President Karol Nawrocki has officially vetoed Poland’s Cryptoasset Market Act, halting legislation he says would have imposed unnecessarily harsh restrictions on the country’s rapidly growing cryptocurrency sector. In a statement published on his official website, Nawrocki warned that several sections of the bill posed “a real threat to the freedom of Poles, their property, and the stability of the state,” raising serious concerns about government overreach and potential damage to the tech industry.
Concerns Over Website Blocking and Regulatory Burden
One of the president’s strongest objections focused on provisions that would allow authorities to block crypto company websites “with a single click.” He argued that the rules surrounding domain blocking were vague, open to abuse, and lacked adequate safeguards. Nawrocki also criticized the bill’s excessive length—spanning more than 100 pages—especially when compared with much simpler regulatory frameworks adopted by neighboring countries.

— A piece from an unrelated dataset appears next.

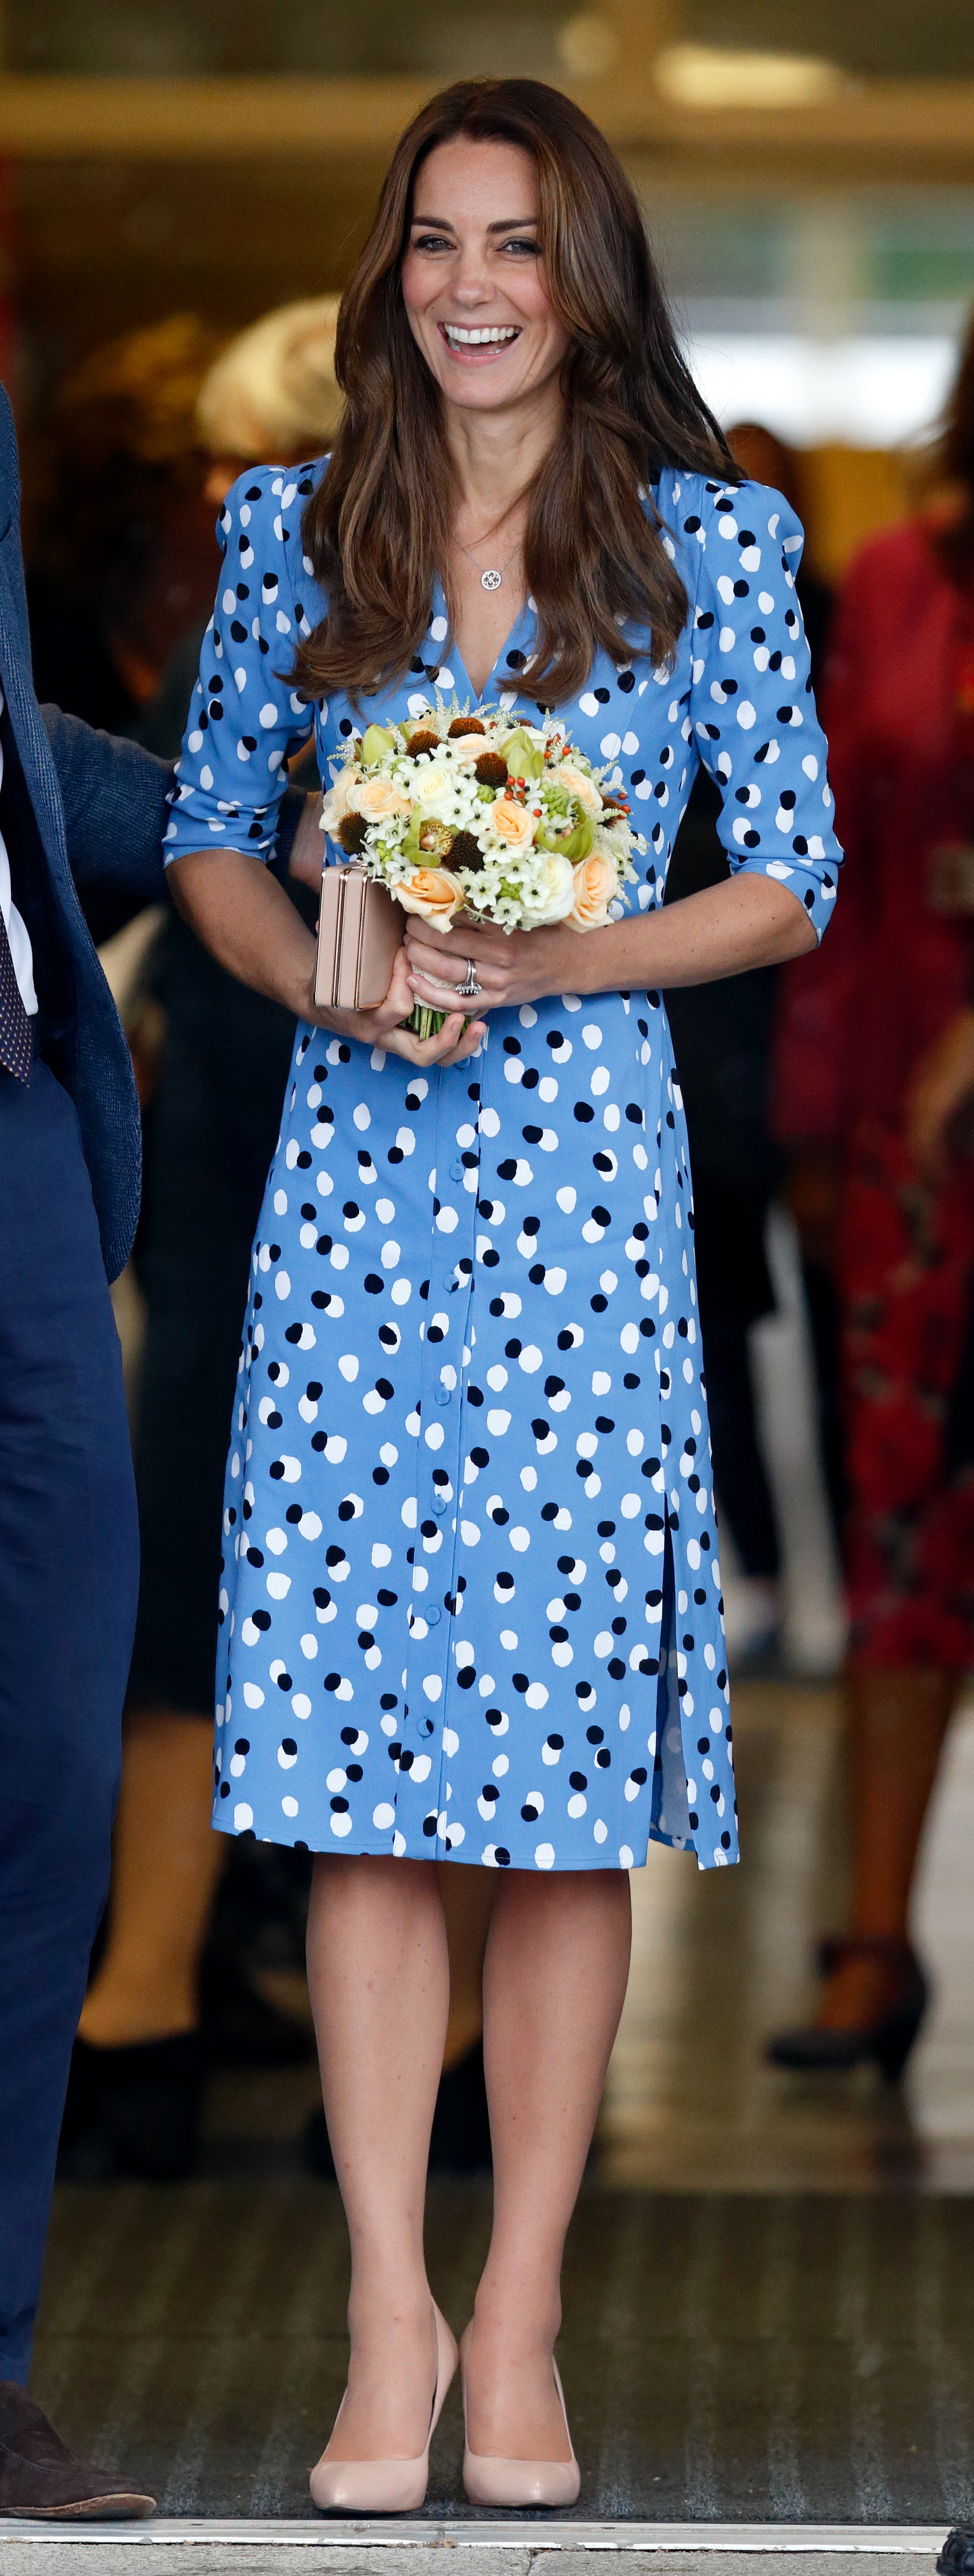 Chiếc váy này là một ví dụ điển hình về việc Kate Middleton chọn những bộ trang phục mang lại cảm giác vừa mới mẻ vừa vượt thời gian. Mặc dù hơn 40 tuổi nhưng cô ấy có thể mặc lại chiếc váy xinh đẹp này.

Beyond the complexity of the act, the president highlighted the high regulatory fees that he believes would favor large corporations while stifling innovation among smaller startups. Such financial barriers, he warned, would create an uneven playing field and discourage homegrown entrepreneurs from entering the market.
Risk of Pushing Crypto Innovation Abroad
Nawrocki cautioned that overregulating the sector would likely push crypto businesses to relocate to more welcoming environments, such as the Czech Republic or Slovakia. Instead of encouraging investment and technological development within Poland, he argued, the act could drive opportunity out of the country.
Elected in June as an independent supported by the Law and Justice party, Nawrocki emphasized that smart, balanced regulation—not restrictive policies—is key to fostering innovation while protecting consumers. His veto signals a call for lawmakers to rethink the approach and craft legislation that supports rather than stifles Poland’s growing crypto economy.